Ontario’s election countdown – Reiterating their campaign pledge from earlier this month to reinstate a modified version of Ontario’s scrapped cap-and-trade programme, the province’s left-wing New Democratic Party (NDP) stands apart from other provincial parties vying for power at the upcoming June 2 elections, according to the Globe & Mail. Incumbent Progressive Conservatives (PC) led by Premier Doug Ford, who had ended cap-and-trade when elected in 2018, do not favour the WCI-linked carbon market scheme – a stance similar to Ontario’s Liberal Party, which had established the programme in 2017 while in power. The Liberals and NDP have pledged a 50% reduction below 2005 levels in the province’s emissions by 2030, while the PCs, which have a comfortable lead in the polls, expect to achieve a 30% drop by 2030 through EV manufacturing and making steel production greener.

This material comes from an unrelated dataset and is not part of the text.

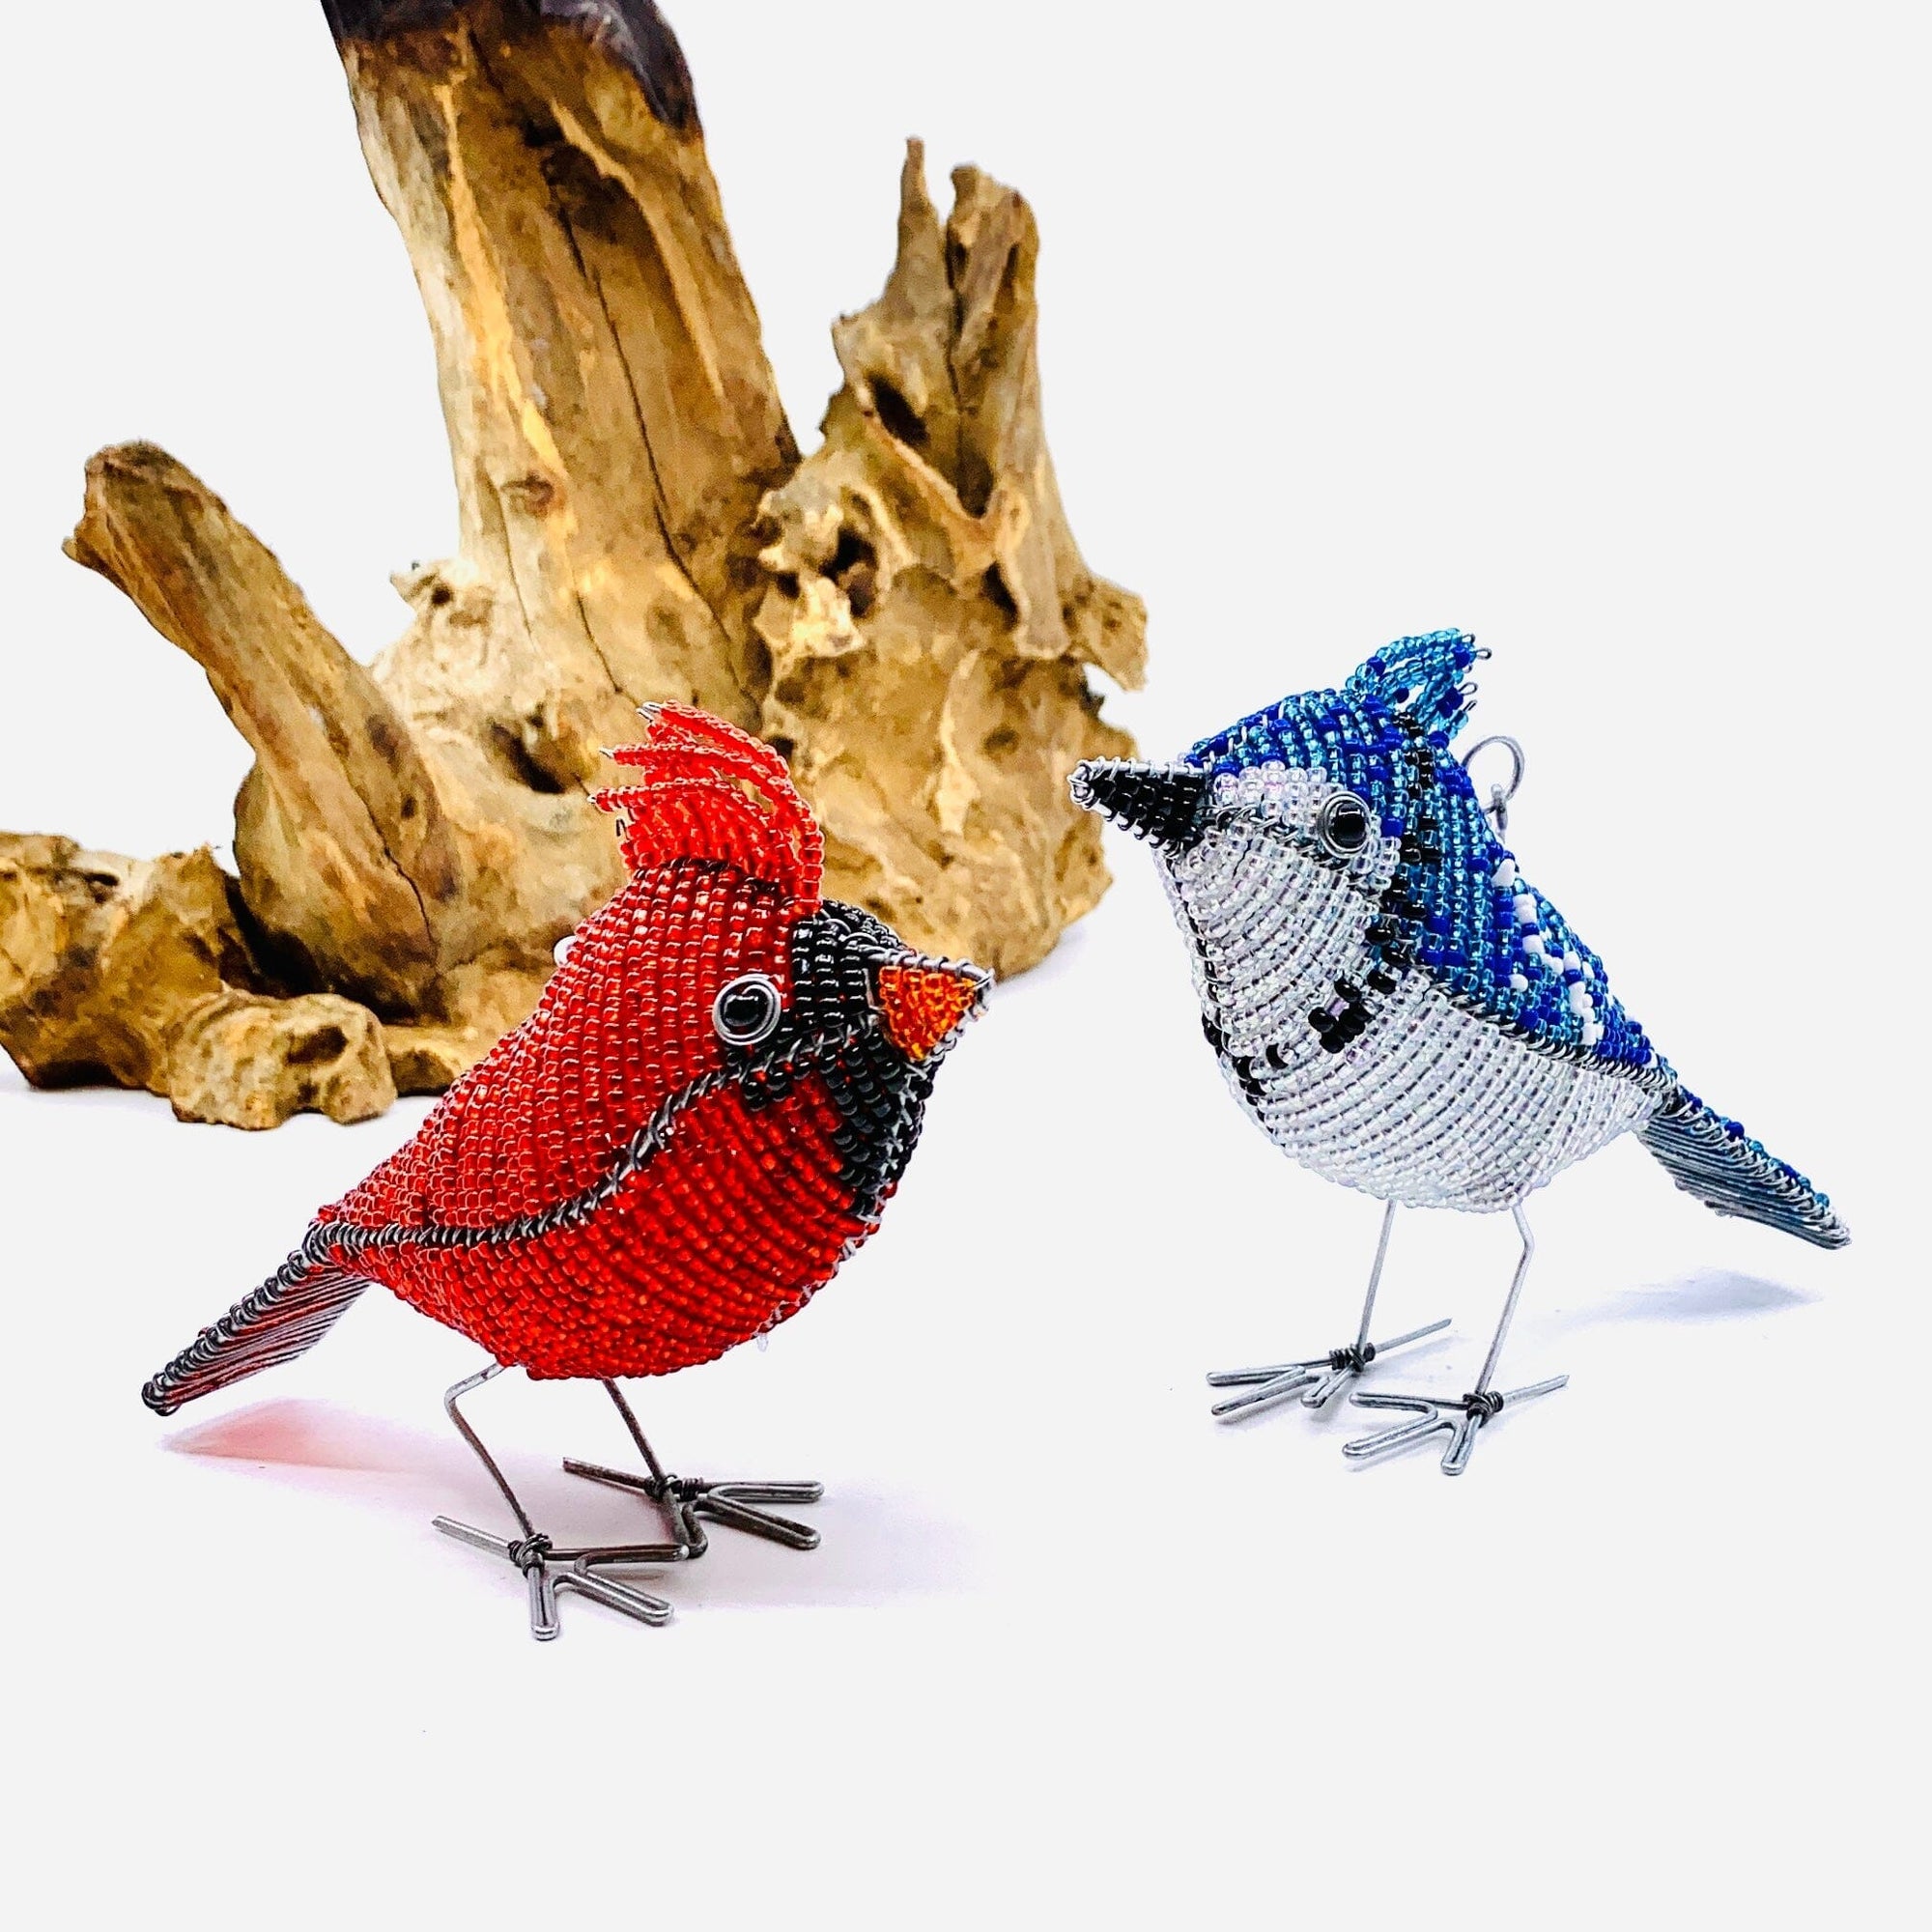 Beaded Bird Ornament, Blue Jay Ornament East Africa Co.

Tax break – Drivers in Canada’s province of Newfoundland and Labrador (NL) can expect an 8 cents/litre break on gasoline and diesel fuel sales if changes to a bill introduced in the House of Assembly on Monday gets passed. The 50% reduction in the provincial portion of the fuel tax would be applied as early as this week, according to Premier Andrew Furey. The fuel tax break is slated to continue till Jan. 2023 across the province. (VOCM)

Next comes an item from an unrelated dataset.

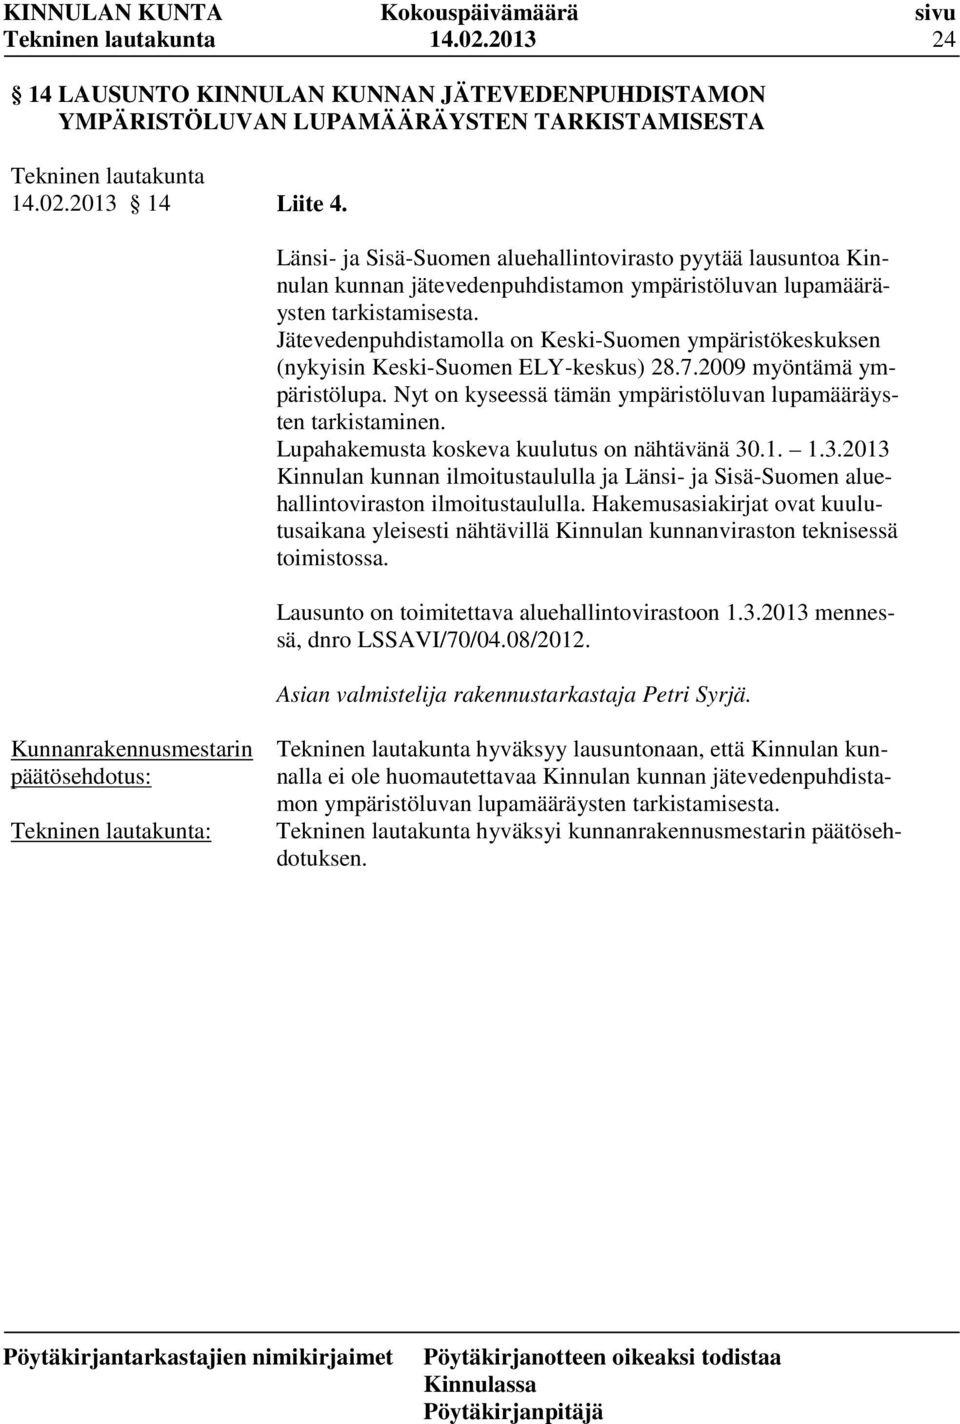 Jätevedenpuhdistamolla on Keski-Suomen ympäristökeskuksen (nykyisin Keski-Suomen ELY-keskus) 28.7.2009 myöntämä ympäristölupa. Nyt on kyseessä tämän ympäristöluvan lupamääräysten tarkistaminen.

Exporting green H2 – Argentina’s public sector, private actors, academics, and various stakeholders met on Monday in Rio Negro province to discuss advancing the country’s hydrogen export strategy and a 2030 national hydrogen strategy. Associated rules promoting investment in green hydrogen are part of the framework of a renewable energy and energy efficiency bill submitted to congress, according to BNAmericas. Last November, Australia’s Fortescue had unveiled plans for an initial investment of $8.4 bln in a green hydrogen plant in the province with the goal of reaching hydrogen export capacity of 2.2 Mt/year by 2030.

SCIENCE & TECH

I(CL) believe I can fly (sustainably) – Imperial College London is establishing a groundbreaking research institute dedicated to developing clean, safe, and sustainable air travel. Supported by a £25 mln philanthropic donation. The Brahmal Vasudevan Institute for Sustainable Aviation will pioneer the breakthroughs and technologies needed to support the aviation industry’s transition to zero pollution. Its researchers will look at all elements of air transport, from fuel and aircraft design to airport infrastructure, air traffic control, and aviation policy. The donation – one of the largest in the College’s history – comes from Aeronautical Engineering alumnus Brahmal Vasudevan, Founder and CEO of private equity firm Creador, and his wife Shanthi Kandiah, founder of legal firm SK Chambers.

AND FINALLY…

Elevator action – Researchers from the International Institute for Applied Systems Analysis (IIASA) have come up with a new energy storage concept that could turn tall buildings into batteries to improve the power quality in urban settings. In their study published in the journal Energy, the researchers propose a novel gravitational-based storage solution that uses lifts and empty apartments in tall buildings to store energy. This original idea the authors call Lift Energy Storage Technology (LEST), stores energy by lifting wet sand containers or other high-density materials, which are transported remotely in and out of a lift with autonomous trailer devices. The most important benefit of LEST is that the power capacity is already installed in lifts with regenerative braking systems. There are over 18 million lifts in operation globally, and many of these spend a significant amount of time idle. The idea is that when the lifts are not being used to transport people, they can be used to store or generate electricity.  Empty apartments or corridors could also be viable options to store batteries or the weights on which the system relies.